MANY OF THE IDEAS that Klee put into his teaching were published. In 1923, he wrote Ways of Studying Nature and in 1924 The Pedagogical Sketchbook. He also codified his views on creation in a lecture he gave in Jena in 1924, declaring that

the artist has coped with this bewildering world—reasonably well, we shall assume—in his own quiet way. He knows how to find his way in it well enough to bring some order into the stream of impressions and experiences impinging on him. This orientation among the phenomena of nature and human life … that’s like the root part of our tree.

From there the artist—who is the trunk of the tree—receives the sap that flows through him and through his eye.

Under the pressure of this mighty flow, he transmits what he has seen to his work.

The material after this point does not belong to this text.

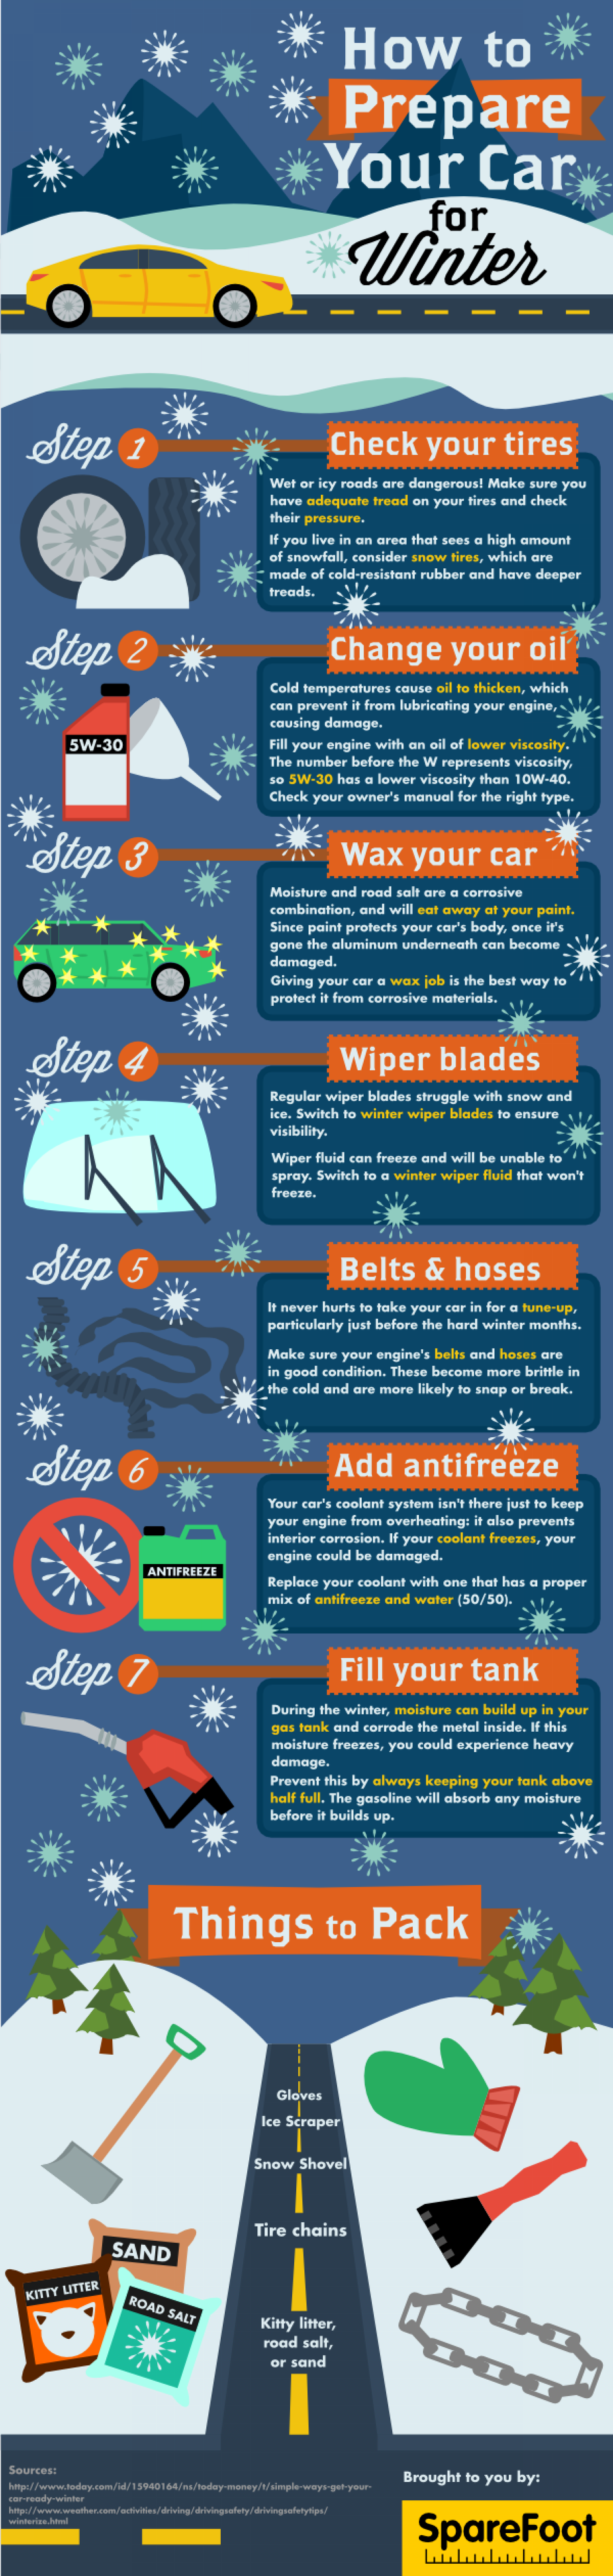 How to Prepare Your Care for Winter Infographic

His work, then, is like the crown of the tree, spreading in time and space for all to see.162

The calm assuredness with which he said this betrayed the grace with which he saw himself as transmitter and receiver. He took neither blame nor credit for what he had done, and while acknowledging that “both his competence and his sincerity” had been doubted in attacks on his lack of verisimilitude, he easily dismissed the loud criticism of his own work. It was all okay because the artist “is neither master nor servant but only a mediator. His position, then, is a modest one indeed; and the beauty of the crown, that’s not the artist himself—it has only passed through him.”163

This was the humility with which the greatest of the Bauhauslers had embarked on their life’s work. To see the Bauhaus as a design agenda in which a few gifted people tried to impose a single style on society is totally off course.

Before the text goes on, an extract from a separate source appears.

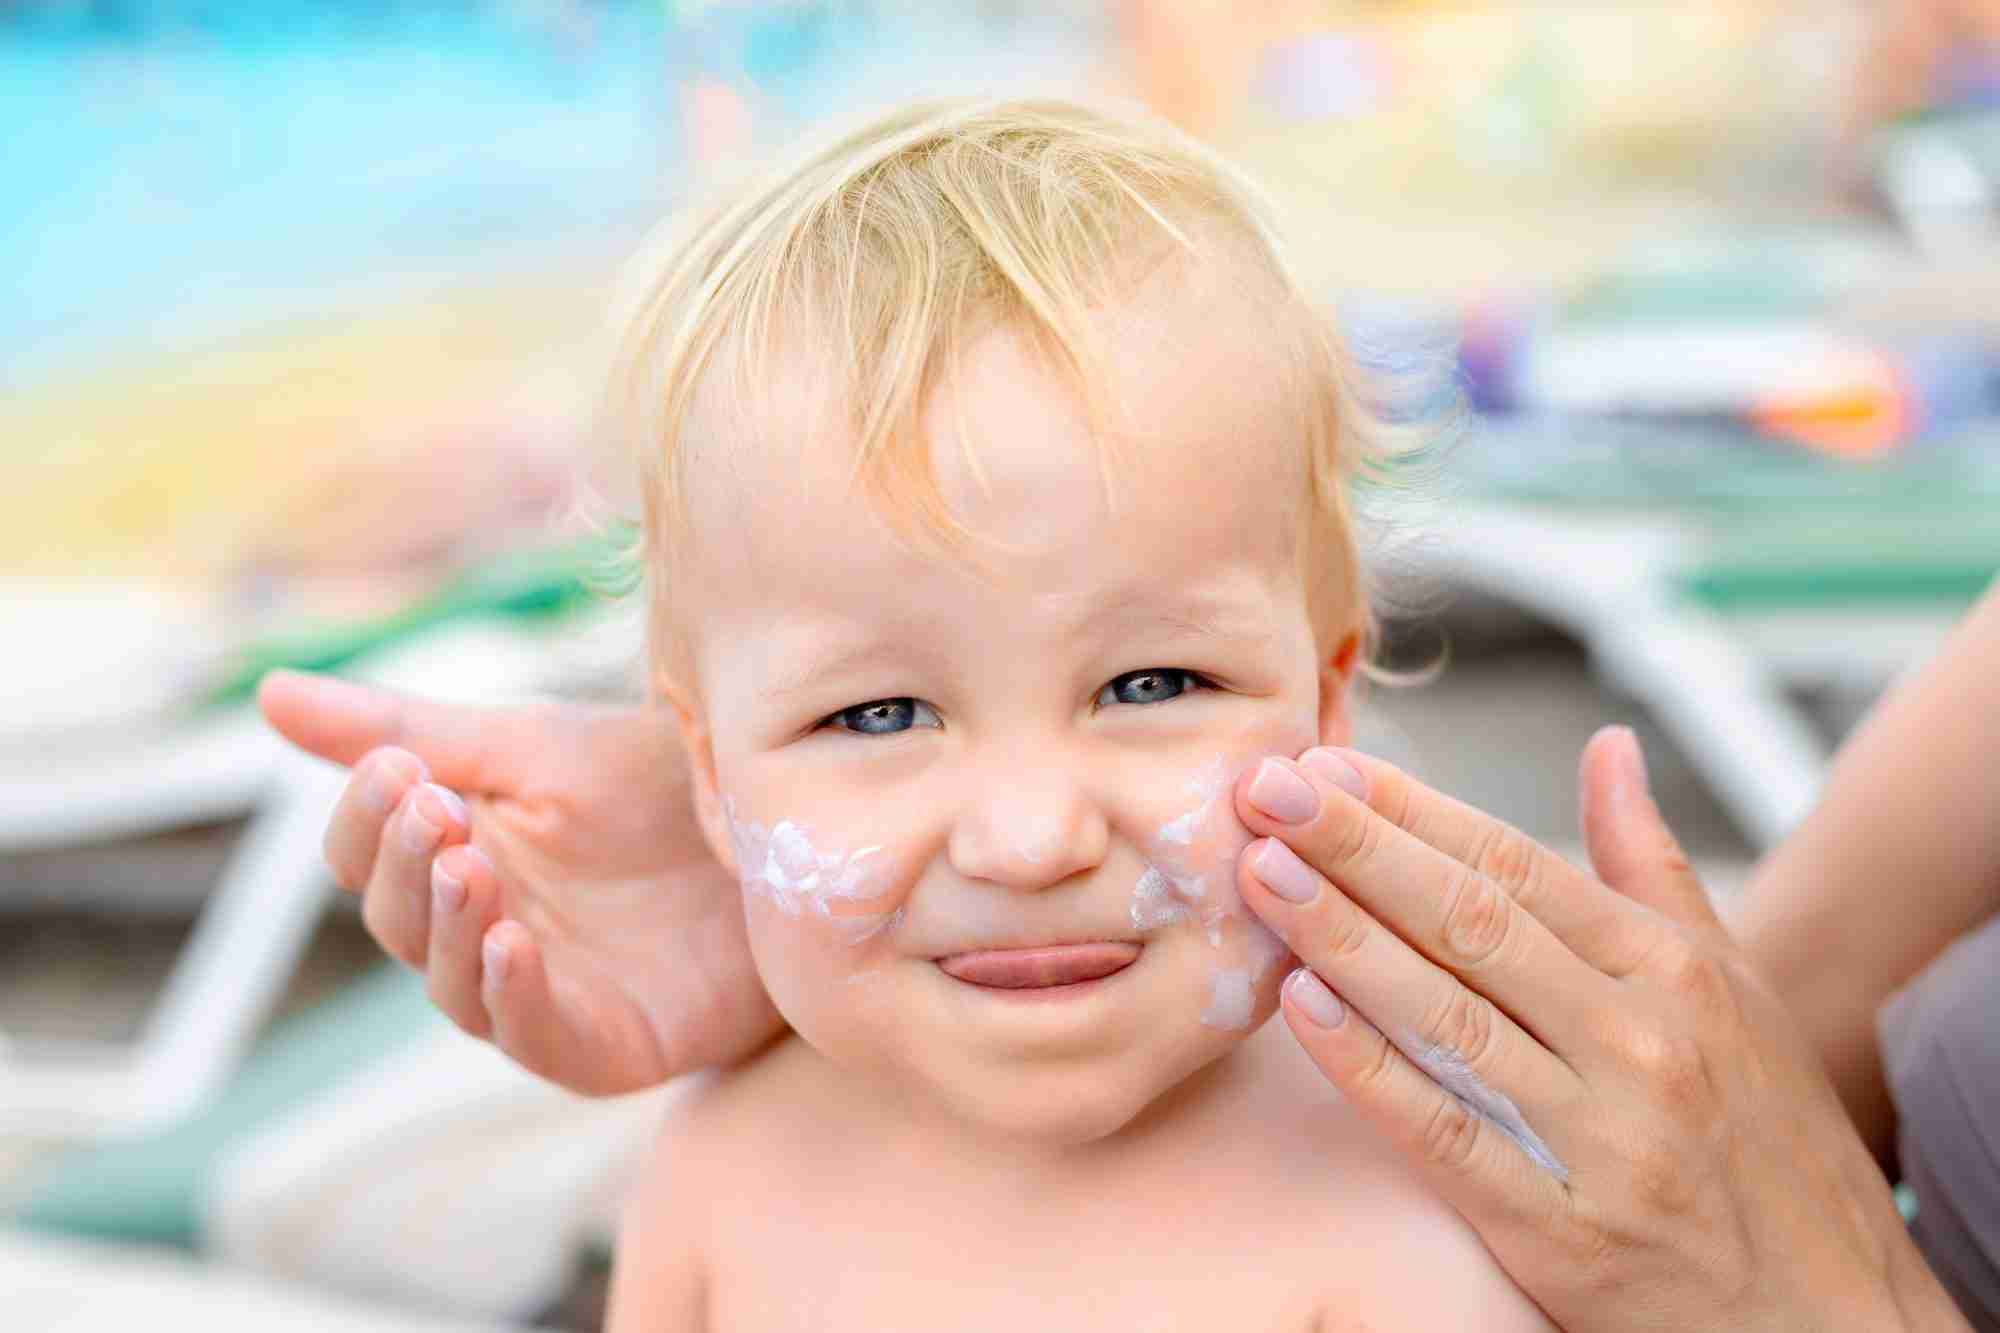 which cosmetic products are safe to use for my child

When the notes for the Jena lecture were translated by Douglas Cooper and published in English, Herbert Read, one of the greatest proponents of modern art in its early years, wrote in his introduction that Klee’s notes “constitute the most profound and illuminating statement of the aesthetic basis of the modern movement in art ever made by a practicing artist.”164 Yet in that period of hostility toward the Bauhaus, Klee was one of the main butts of mockery. The painter Vilmos Huszar personally attacked Klee in the magazine De Stijl, writing, “Klee … scribbles sickly dreams.”165 This was the time when a Weimar newspaper article in 1924 described Bauhaus people rolling around naked outside, resulting in unmarried women getting pregnant. The school administration was accused of being irresponsible, not only permitting this but even encouraging it; the coup de grace was that a cradle built in the furniture workshop was carried to the flat of an unwed mother-to-be as a sort of victory celebration. Klee’s art was considered further evidence of the lunacy encouraged at the school.

Gropius, according to Huszar, had made a monument in the Weimar cemetery that was “the result of a cheap literary idea. … In a country which is torn politically and economically, can one justify the spending of large sums of money on as institute such as the Bauhaus is today? My answer is: No—No—No!”166

With attacks like this becoming widespread, Klee, as unperturbed and unflappable as ever, demonstrated that art gave both meaning and stability to life. Wrestling joy and a sense of plenitude out of the morass caused by the invective and nastiness of outsiders, it was the answer.